Charlie - might turn up, have to check the diary!


----------



## Charlie (Dec 15, 2006)

badyaker said:


> OK I was talking out of my arse so sorry about that. I meant the A413 around Amersham and beyond, all the roads around Amersham, Amersham town centre, the A416 out to Berkhamstead and the B roads between MK and Berkhamstead. Looks good on the map, but don't bother!
> 
> A413 between Aylesbury and Bucks though is great, you'll need to be doing more than 80 to get any air though.

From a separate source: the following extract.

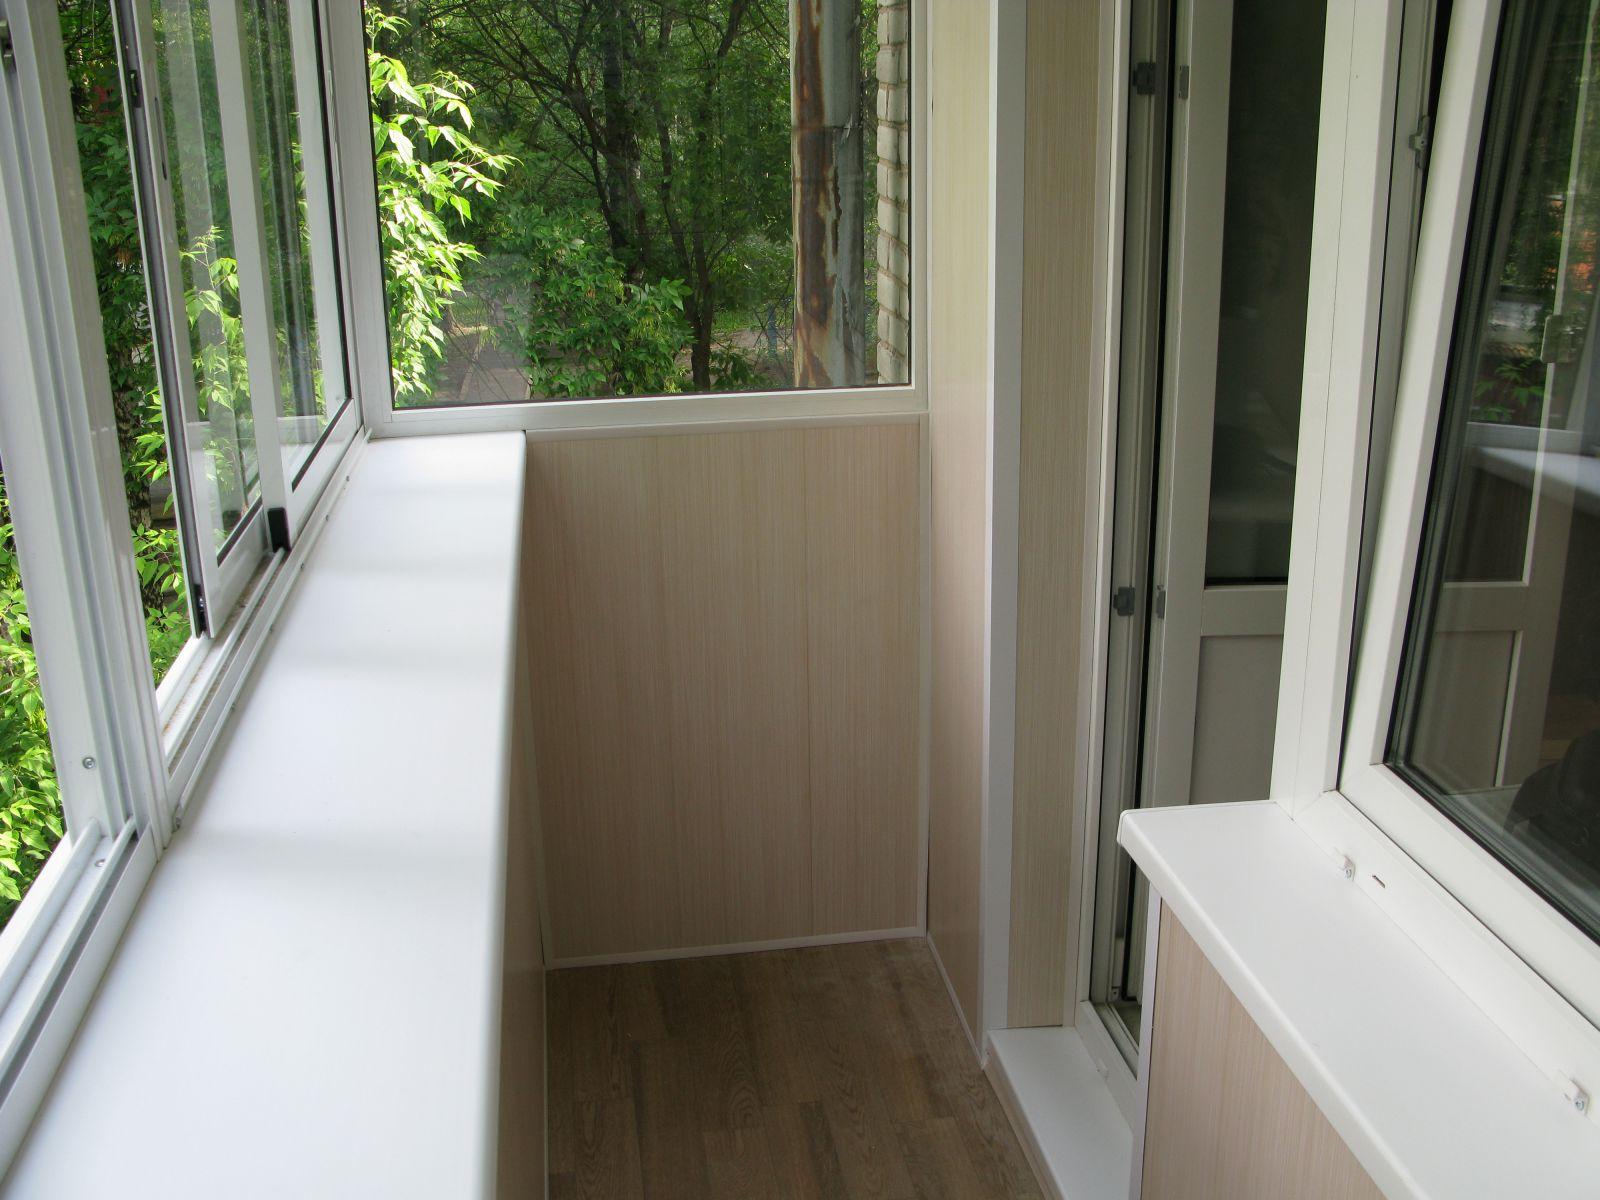 Остекление и отделка балкона под ключ цена.
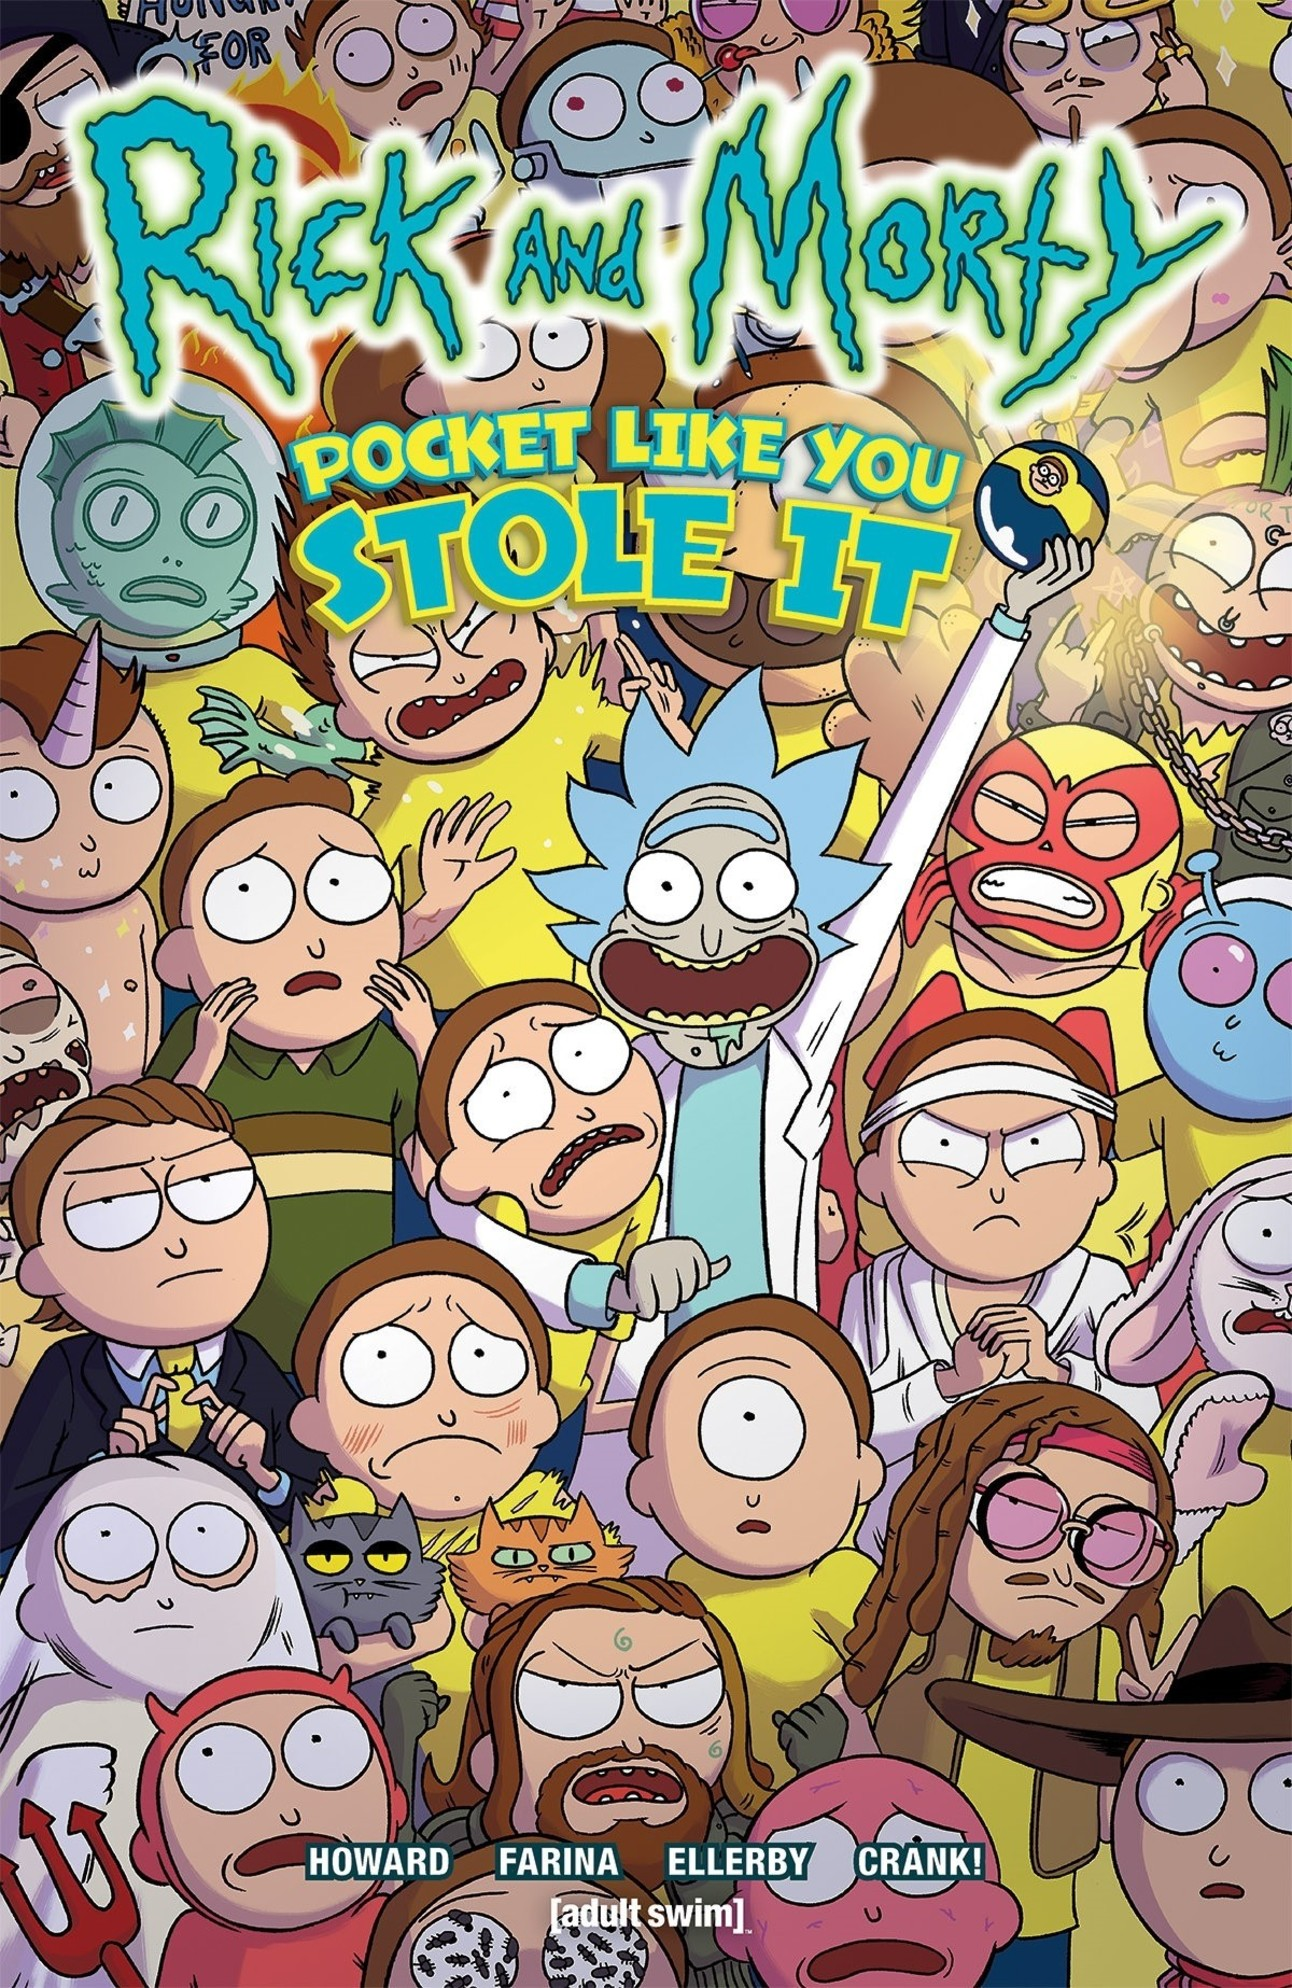 oni_rick_morty_pocket_like_you_stole_it_cover.jpg

I got tempted and did a little run this afternoon.
> 
> Charlie - might turn up, have to check the diary!


Nice one Phil - hope your diary is free 

Charlie


----------



## Super Josh (May 29, 2009)

I took the A413 out of Aylesbury to our last meet at Swanbourne and it was a cracking road 

Not really up for the Bowling as I play it so infrequently that I need to be drunk to get anywhere near a decent score. That isn't really an option if we drive to the venue.

I fancy the Sunday drive but need to check out my diary too 

Josh


----------



## swfblade (Apr 24, 2007)

Super Josh said:


> Not really up for the Bowling as I play it so infrequently that I need to be drunk to get anywhere near a decent score.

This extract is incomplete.